Top of Data

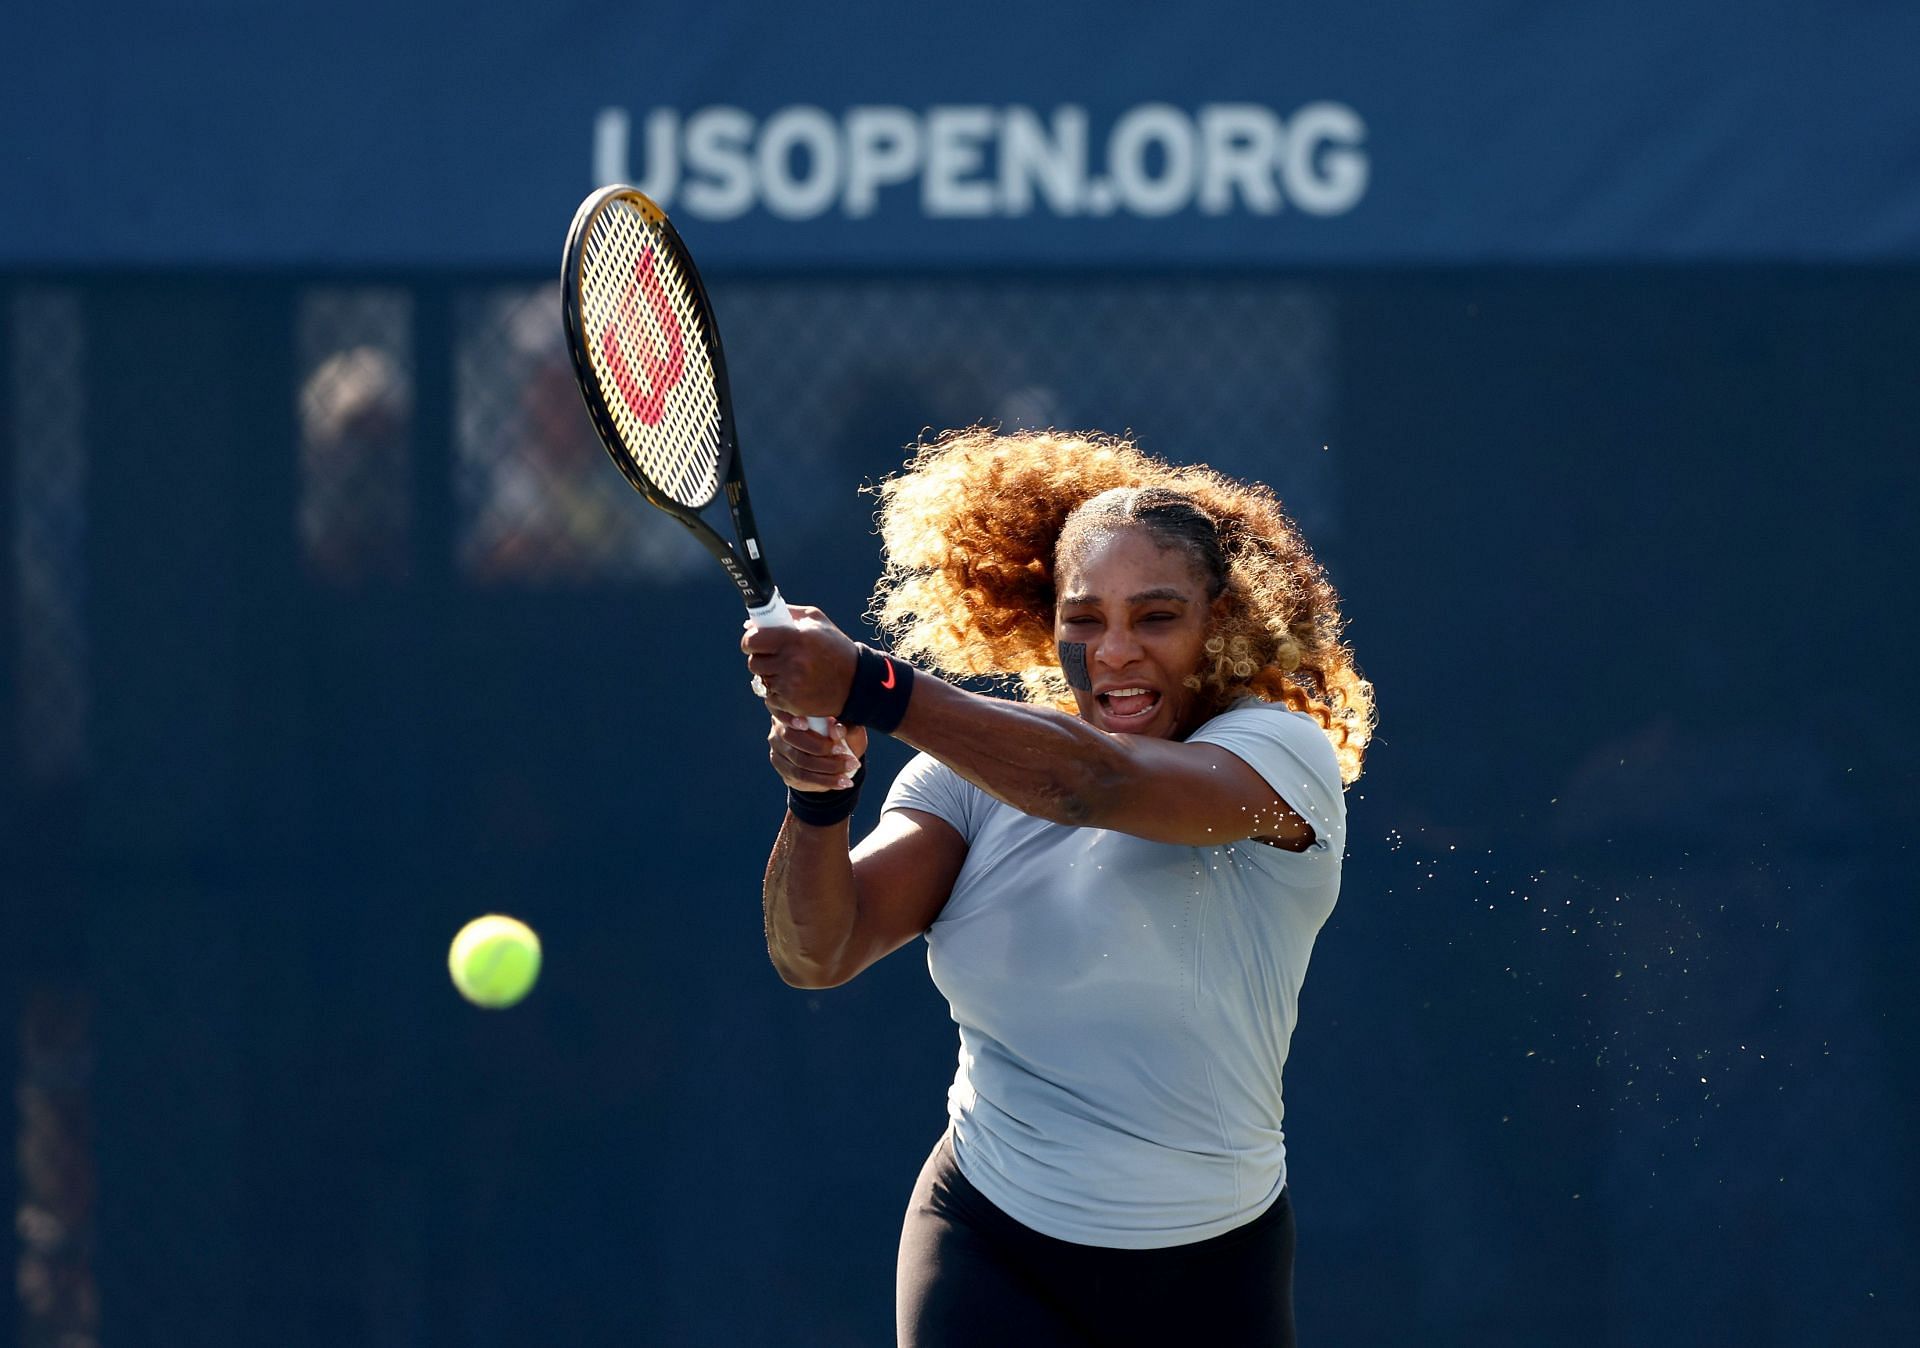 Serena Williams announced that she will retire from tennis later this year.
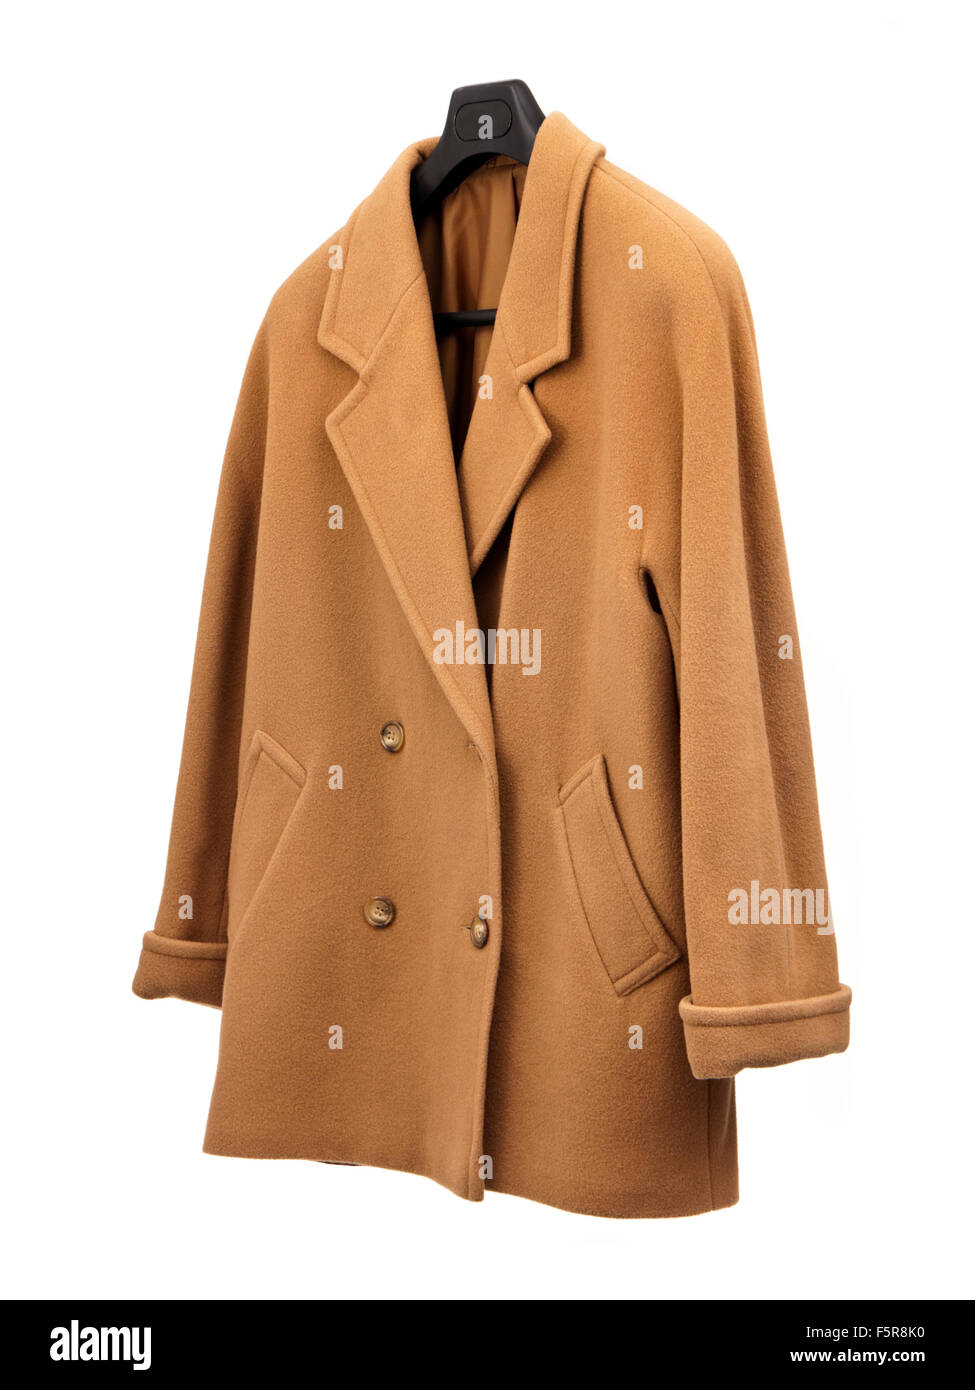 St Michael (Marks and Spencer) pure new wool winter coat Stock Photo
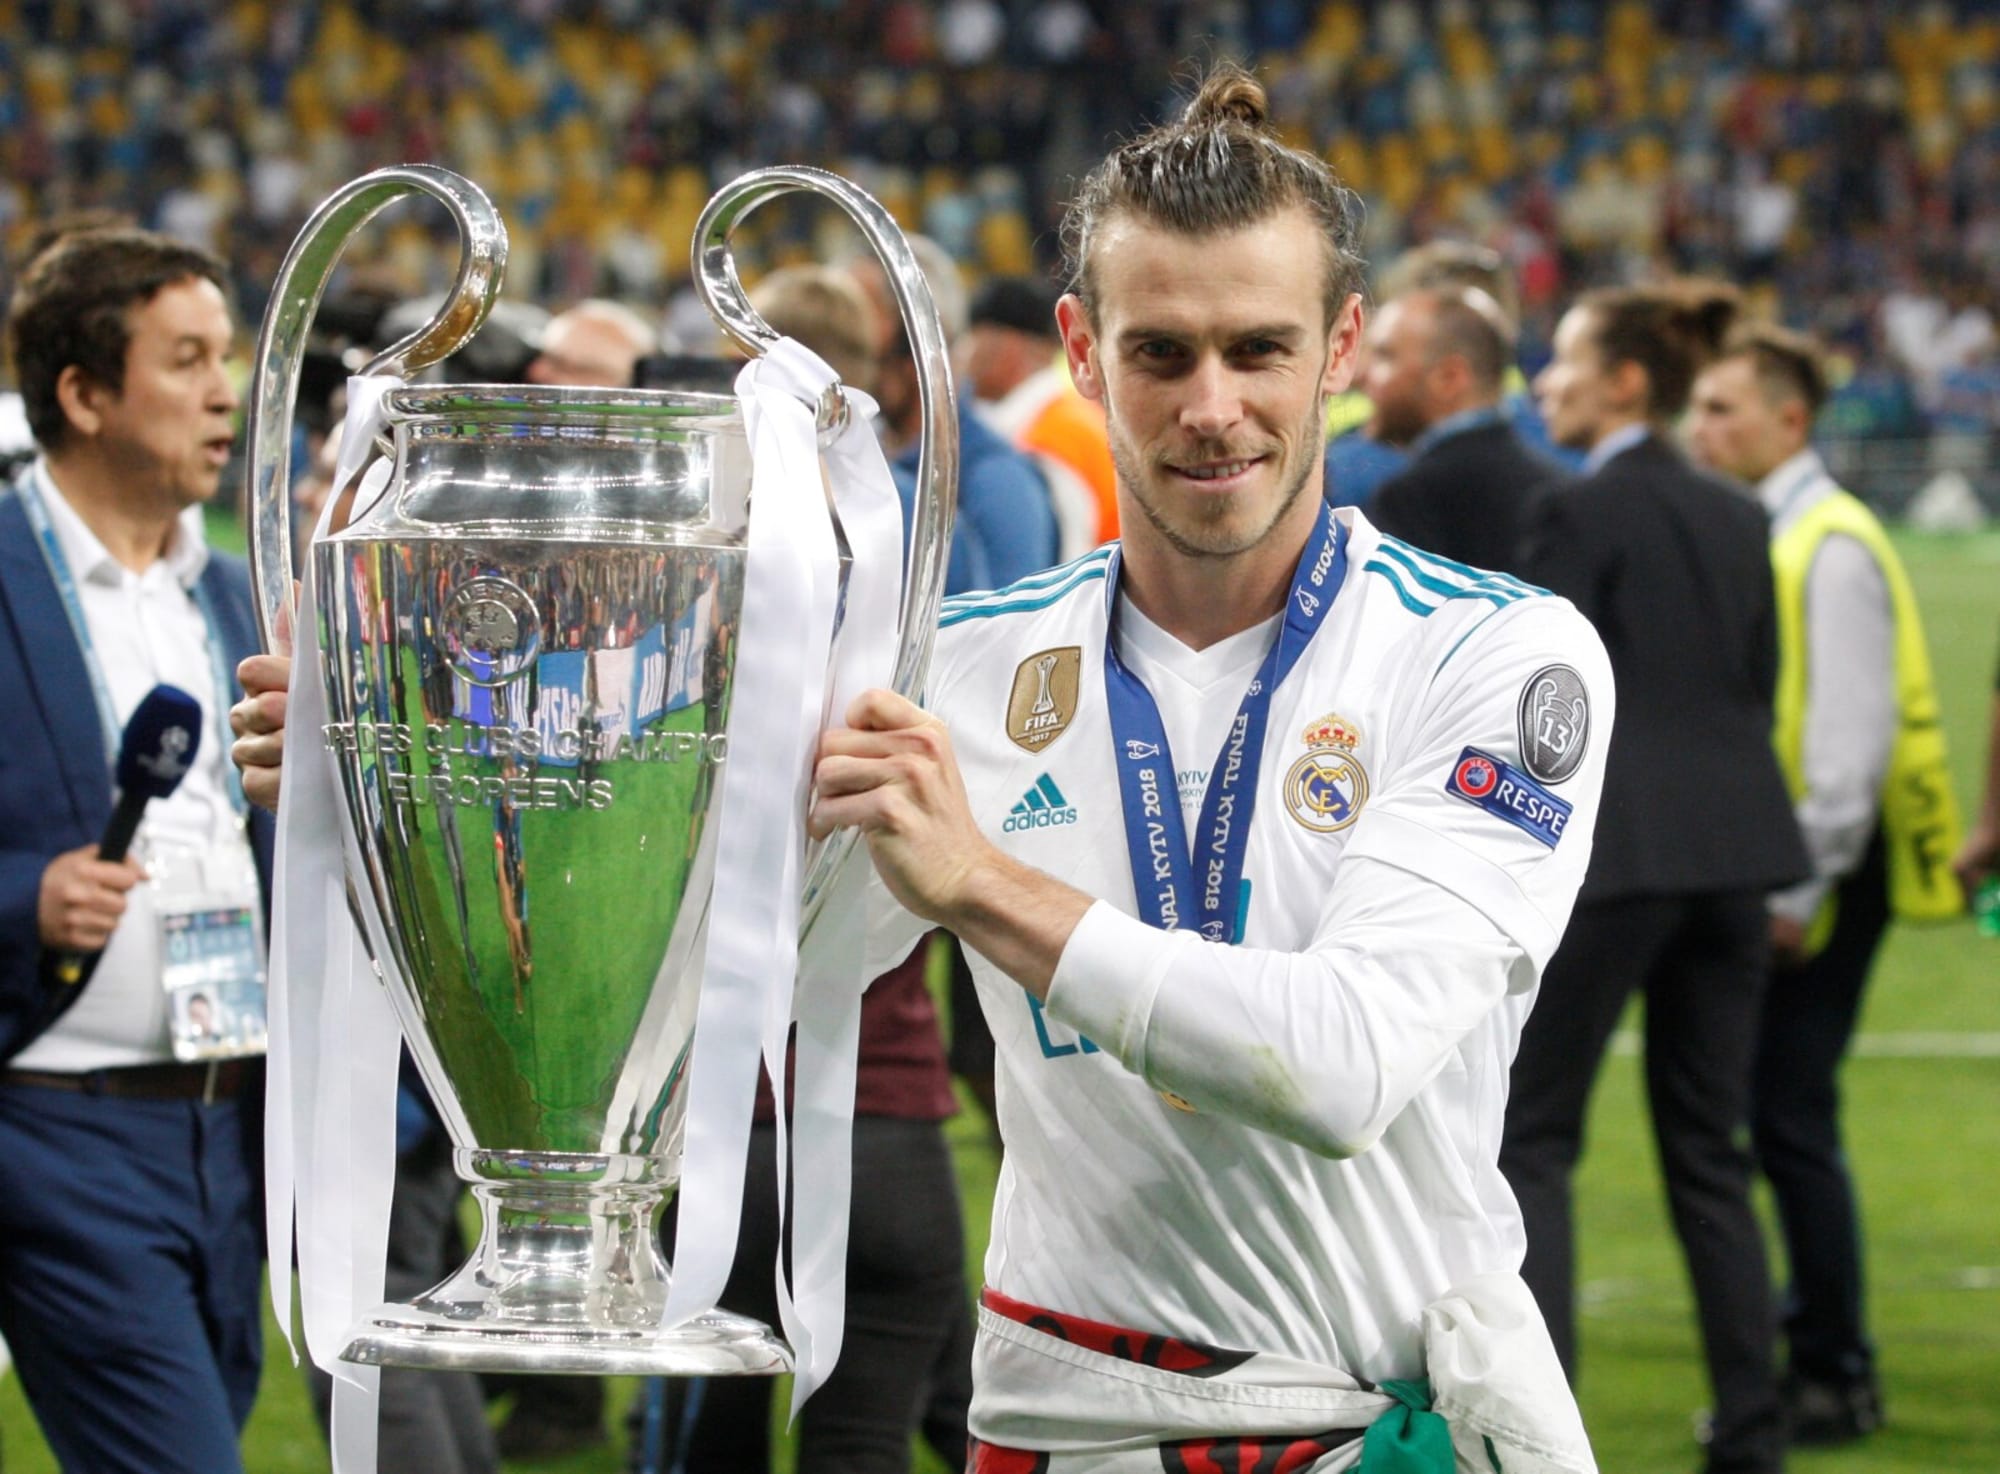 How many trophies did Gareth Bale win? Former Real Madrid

Bottom of Data

Repeat verbatim the lines from the one holding "St Michael (Marks" through the end of the listing above, both ends included, but not the pictures.

* Result *
 St Michael (Marks and Spencer) pure new wool winter coat Stock Photo
 How many trophies did Gareth Bale win? Former Real Madrid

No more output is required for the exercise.